**Brief**:
Nothing other than the lines from the one containing "Gas Turbine Systems Technician (Electrical)" through the close of the entries below should be printed, each exactly.

**Data**:
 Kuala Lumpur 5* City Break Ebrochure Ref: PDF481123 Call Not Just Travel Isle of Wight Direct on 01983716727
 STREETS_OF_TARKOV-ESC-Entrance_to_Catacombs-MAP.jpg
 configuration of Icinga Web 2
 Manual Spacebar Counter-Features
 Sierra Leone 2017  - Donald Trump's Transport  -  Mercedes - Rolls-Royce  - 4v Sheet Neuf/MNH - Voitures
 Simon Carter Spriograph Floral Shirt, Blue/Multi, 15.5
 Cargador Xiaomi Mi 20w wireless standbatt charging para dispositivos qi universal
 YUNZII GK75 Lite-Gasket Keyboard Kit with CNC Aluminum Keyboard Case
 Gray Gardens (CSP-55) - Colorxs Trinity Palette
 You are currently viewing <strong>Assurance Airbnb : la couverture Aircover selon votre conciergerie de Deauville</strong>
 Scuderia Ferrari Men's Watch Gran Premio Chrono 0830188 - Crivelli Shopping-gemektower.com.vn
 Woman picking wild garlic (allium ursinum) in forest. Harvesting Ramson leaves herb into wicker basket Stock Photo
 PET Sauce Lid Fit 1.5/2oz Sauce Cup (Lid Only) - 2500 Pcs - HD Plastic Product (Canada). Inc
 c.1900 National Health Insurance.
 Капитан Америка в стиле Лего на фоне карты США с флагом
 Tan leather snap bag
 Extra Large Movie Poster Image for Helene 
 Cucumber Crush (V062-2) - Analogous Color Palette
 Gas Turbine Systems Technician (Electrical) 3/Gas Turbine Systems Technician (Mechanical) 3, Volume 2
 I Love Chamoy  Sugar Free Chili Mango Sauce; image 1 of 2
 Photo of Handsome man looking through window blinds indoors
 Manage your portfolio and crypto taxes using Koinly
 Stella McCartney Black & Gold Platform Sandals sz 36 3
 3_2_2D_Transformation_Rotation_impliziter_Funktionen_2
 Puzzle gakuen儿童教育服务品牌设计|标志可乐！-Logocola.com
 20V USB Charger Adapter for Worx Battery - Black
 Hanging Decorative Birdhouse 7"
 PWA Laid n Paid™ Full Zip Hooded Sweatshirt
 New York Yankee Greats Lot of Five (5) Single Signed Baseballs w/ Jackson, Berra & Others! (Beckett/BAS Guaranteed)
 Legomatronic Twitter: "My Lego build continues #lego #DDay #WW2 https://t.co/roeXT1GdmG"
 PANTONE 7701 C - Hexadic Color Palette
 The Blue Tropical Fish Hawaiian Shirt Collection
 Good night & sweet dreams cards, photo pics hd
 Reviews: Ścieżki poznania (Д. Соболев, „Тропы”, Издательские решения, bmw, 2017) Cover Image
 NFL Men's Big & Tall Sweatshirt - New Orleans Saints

**Response**:
 Gas Turbine Systems Technician (Electrical) 3/Gas Turbine Systems Technician (Mechanical) 3, Volume 2
 I Love Chamoy  Sugar Free Chili Mango Sauce; image 1 of 2
 Photo of Handsome man looking through window blinds indoors
 Manage your portfolio and crypto taxes using Koinly
 Stella McCartney Black & Gold Platform Sandals sz 36 3
 3_2_2D_Transformation_Rotation_impliziter_Funktionen_2
 Puzzle gakuen儿童教育服务品牌设计|标志可乐！-Logocola.com
 20V USB Charger Adapter for Worx Battery - Black
 Hanging Decorative Birdhouse 7"
 PWA Laid n Paid™ Full Zip Hooded Sweatshirt
 New York Yankee Greats Lot of Five (5) Single Signed Baseballs w/ Jackson, Berra & Others! (Beckett/BAS Guaranteed)
 Legomatronic Twitter: "My Lego build continues #lego #DDay #WW2 https://t.co/roeXT1GdmG"
 PANTONE 7701 C - Hexadic Color Palette
 The Blue Tropical Fish Hawaiian Shirt Collection
 Good night & sweet dreams cards, photo pics hd
 Reviews: Ścieżki poznania (Д. Соболев, „Тропы”, Издательские решения, bmw, 2017) Cover Image
 NFL Men's Big & Tall Sweatshirt - New Orleans Saints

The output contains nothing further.